Monsido’s Web Accessibility Module audits your entire site for accessibility against the WCAG 2.2 (and any subsequent updates to the guidelines).

Each audit scans your site for machine-testable issues, provides detailed reports so you can review any errors that may arise, gives you targeted recommendations on how to address these errors based on the guidelines, and shows you your compliance based on levels A, AA, and AAA. You can track and prove your accessibility compliance progress via reports in the History Center. We also offer accessibility training to customers and support, all-inclusive, to ensure that you are well-versed in both automated and manual remediation methods, and are able to efficiently and consistently improve your website’s accessibility.
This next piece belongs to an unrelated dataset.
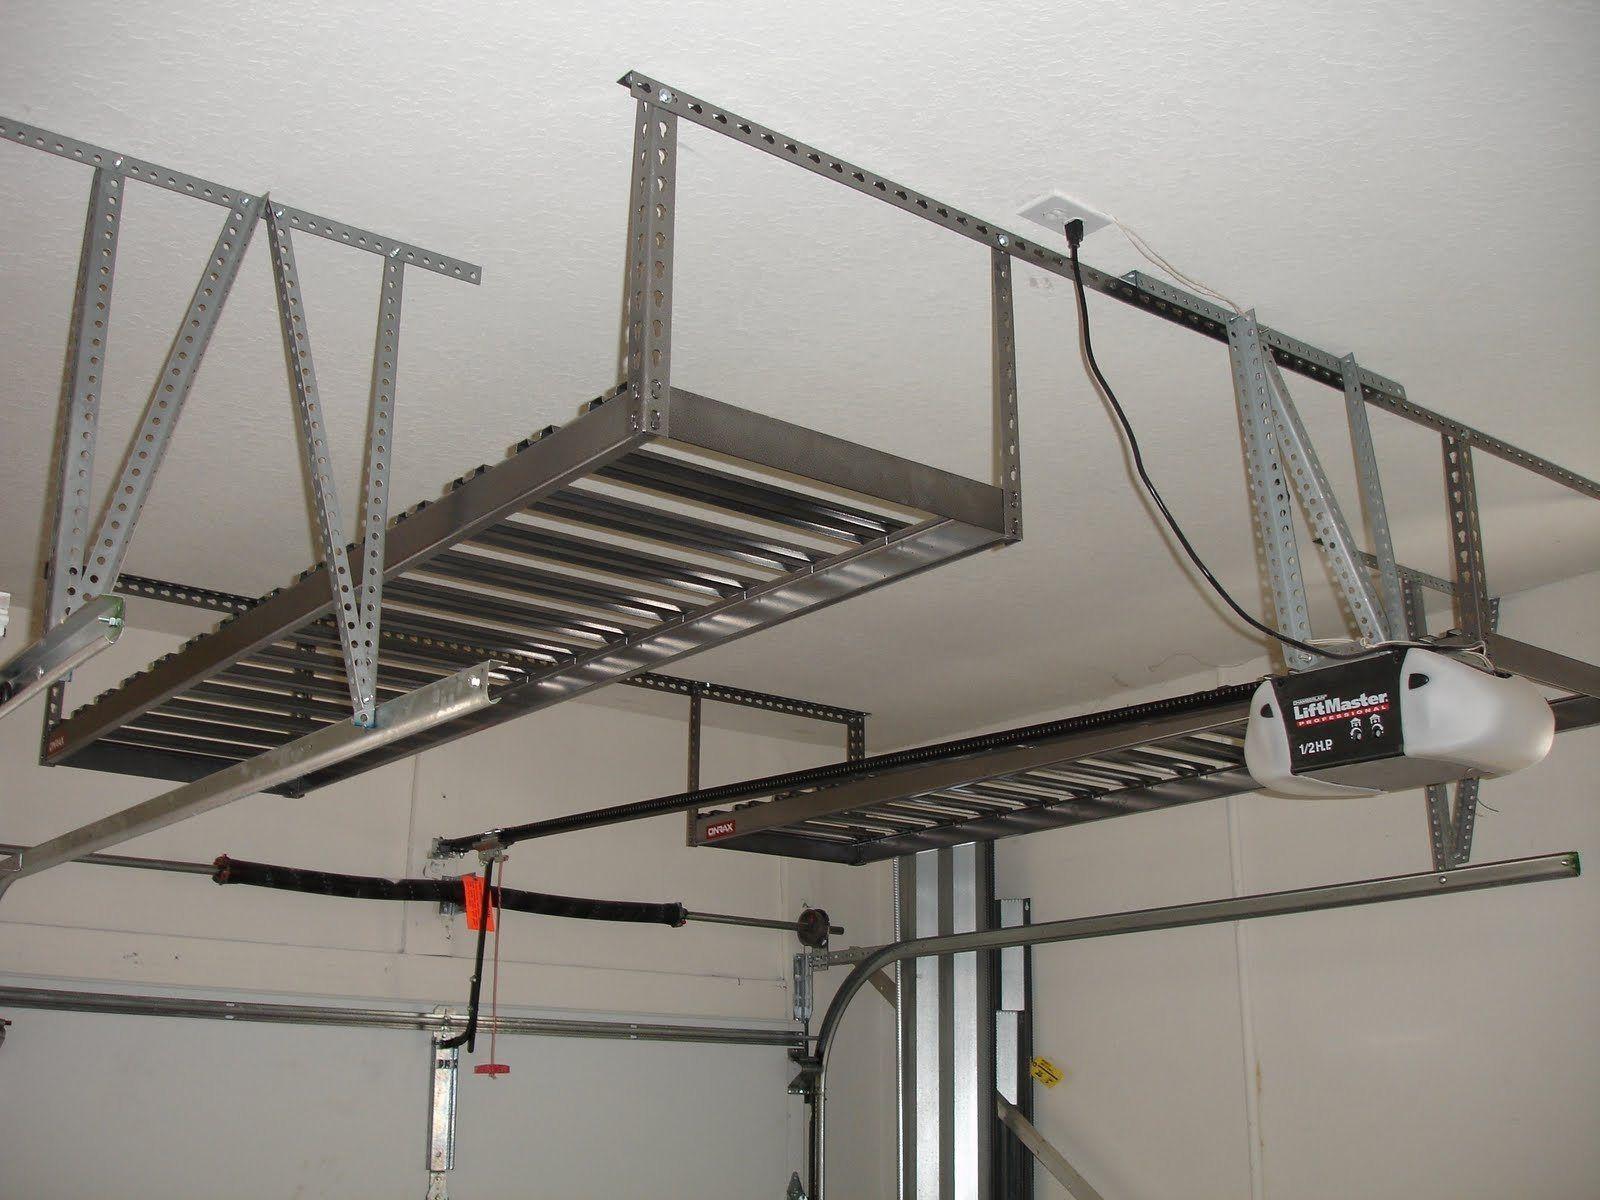 Garage Overhead Storage Design Garage Ceiling Storage Diy

Monsido also offers free tools to complement your web accessibility efforts, including a color contrast checker for web teams to test out compliant color combinations for their web design, and an accessibility statement generator, which helps you meet the requirements of the Australian Disability Discrimination Act 1992 by producing a public statement declaring your commitment to web accessibility.


The information in this article is made available by Acquia Inc. and/or its subsidiaries and affiliates and is for informational purposes only so as to provide its customers with a general understanding of current legal developments. It should not be construed as providing specific legal advice, and you acknowledge that no attorney/client relationship exists between you or any third party and Acquia Inc. and/or its subsidiaries and affiliates. This article should not be used as a substitute for competent legal advice from a licensed lawyer in your jurisdiction.